Bei uns in B-W darf er das unter folgenden Voraussetzungen:
Er darf nicht den gesamten Angelvorgang vom Anködern bis zum Landen des Fisches durchführen.
Wenn er aktiv ist, darfst Du nicht angeln und auch keine Angel im Wasser haben! sondern musst praktisch hinter ihm stehen um JEDERZEIT helfend eingreifen zu können.

Den Fisch musst Du auf jeden Fall töten (Sachkundenachweis laut Tierschutzgesetz ist da Dein Fischereischein, den Dein Kumpel ja nicht hat.)

Problem:
Kann trotzdem zu einer Anzeige führen, da das die Beamten der Polizei oder Wasserschutz oft nicht wissen!

Sofern Ihr nicht am spinnfischen seid wo jeder aktiv sein müsste, sondern mit Naturködern auf Grund oder mit Pose angelt und Du jedesmal Deine Angel rausholst während Dein Kumpel mit irgendwas an der Angel beschäftigt ist, sollte es aber in B-W vor Gericht dann einen Freispruch geben.

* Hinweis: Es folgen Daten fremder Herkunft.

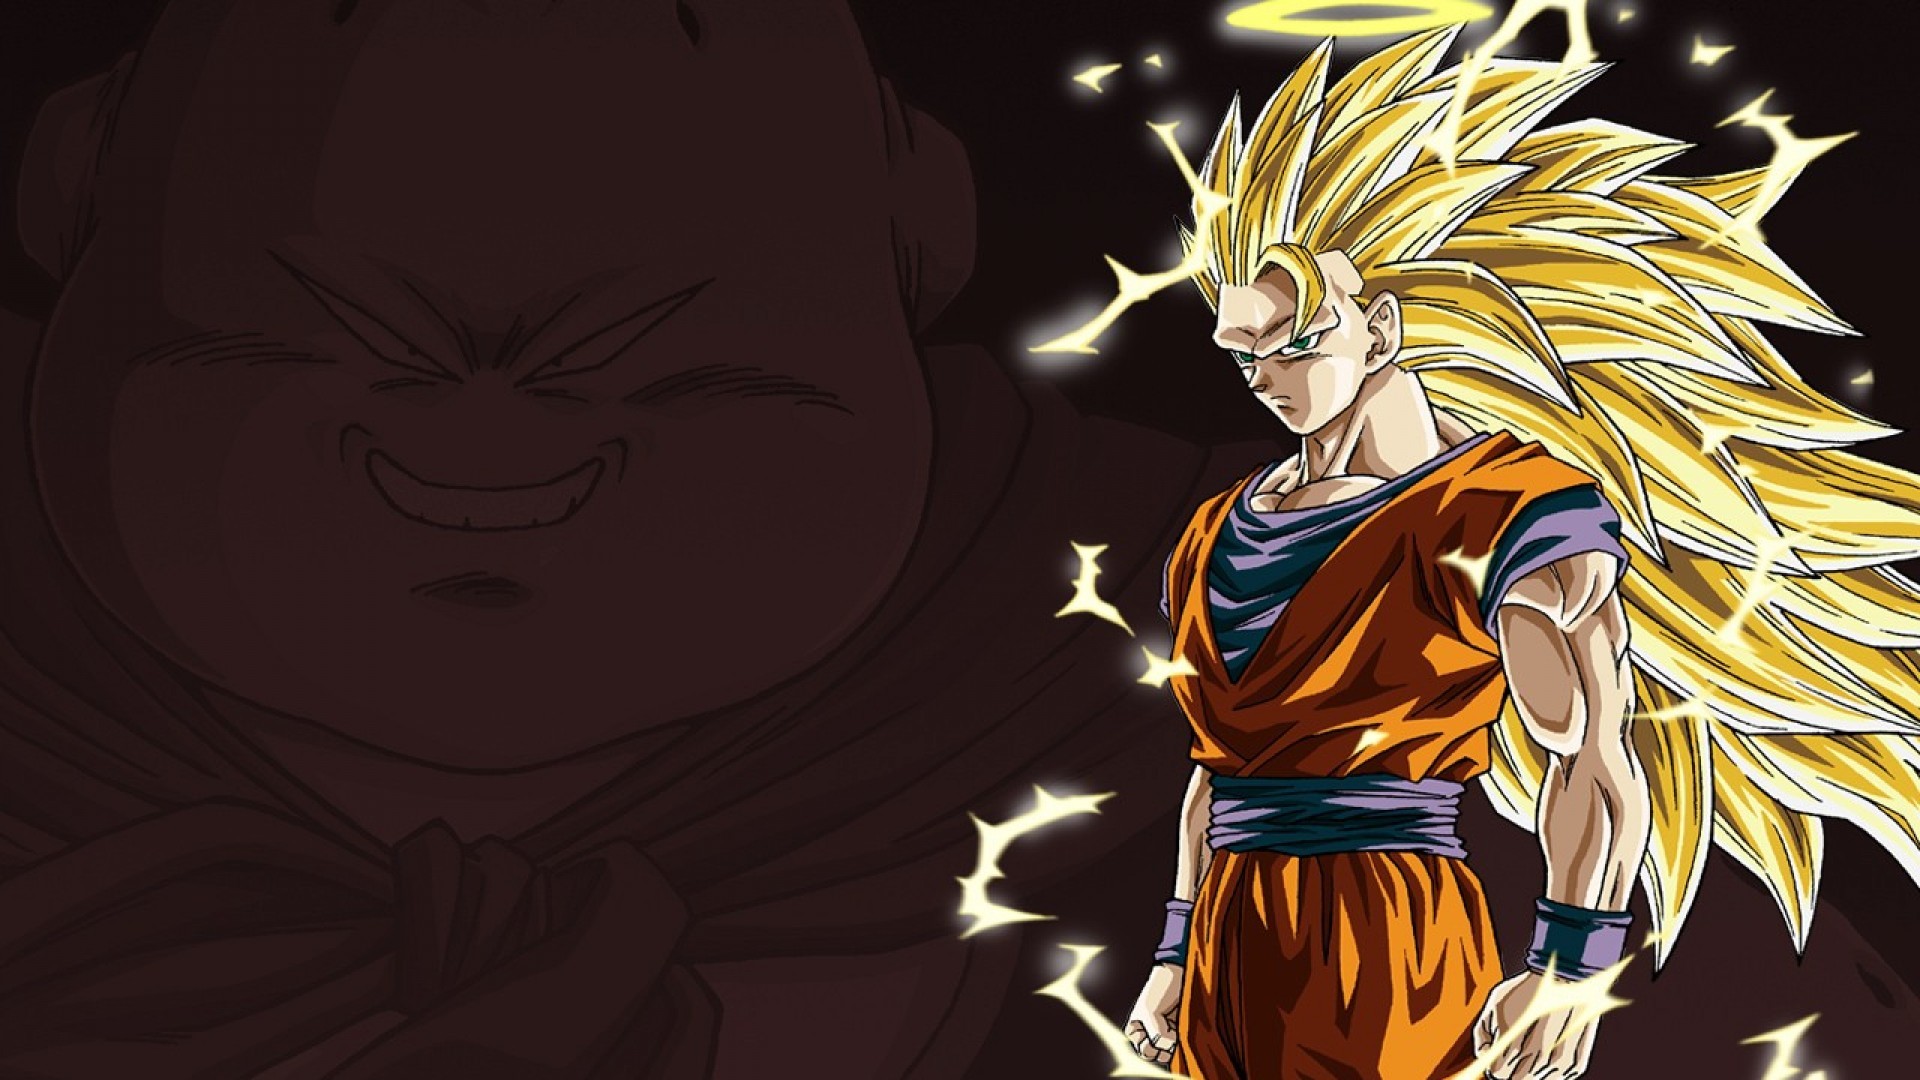 1920x1080 Dragonball Z Wallpaper Collection Dbz Wallpapers Wallpapers)

Die Infos sind übrigens vom Ministerium direkt.

PS:
In Forellenpuffs brauchst Du in B-W keinen Angelschein, da könnte Dein Kumpel alsoi ganz normal mit angeln, da das rechtlich ein Fischverkauf ist und kein Angeln!

Nochmal:
Gilt für Baden - Württemberg, sieht in anderen Bundesländern evtl. wieder ganz anders aus!


----------



## Heuxs (1. Dezember 2005)

*AW: darf mein begleiter (helfer) auch angeln!!!*

Sehe ich genau so wie plattform,er kann dir ja beim Keschern helfen.

       Gruß  Heuxs


----------



## plattform7 (1. Dezember 2005)

*AW: darf mein begleiter (helfer) auch angeln!!!*



> PS:
> In Forellenpuffs brauchst Du in B-W keinen Angelschein, da könnte Dein Kumpel alsoi ganz normal mit angeln, da das rechtlich ein Fischverkauf ist und kein Angeln!


 
Also bei uns in NRW ist das anders, soweit ich weiß... Auch im Forelenpuff muss man (Frau) über einen Fischereischein verfügen... Klar, dass viele Teichbesitzer da kein Wert drauf legen, weil die größte Menge an Besuchern eben keinen hat... Ich finde nicht, dass es nur "Verkauf" ist... Es geht ja hier auch um Schlachten und waidegerechten Umgang mit den Fischen... Und es soll gelernt sein.... Wundert mich, dass es in BaWü so geregelt ist....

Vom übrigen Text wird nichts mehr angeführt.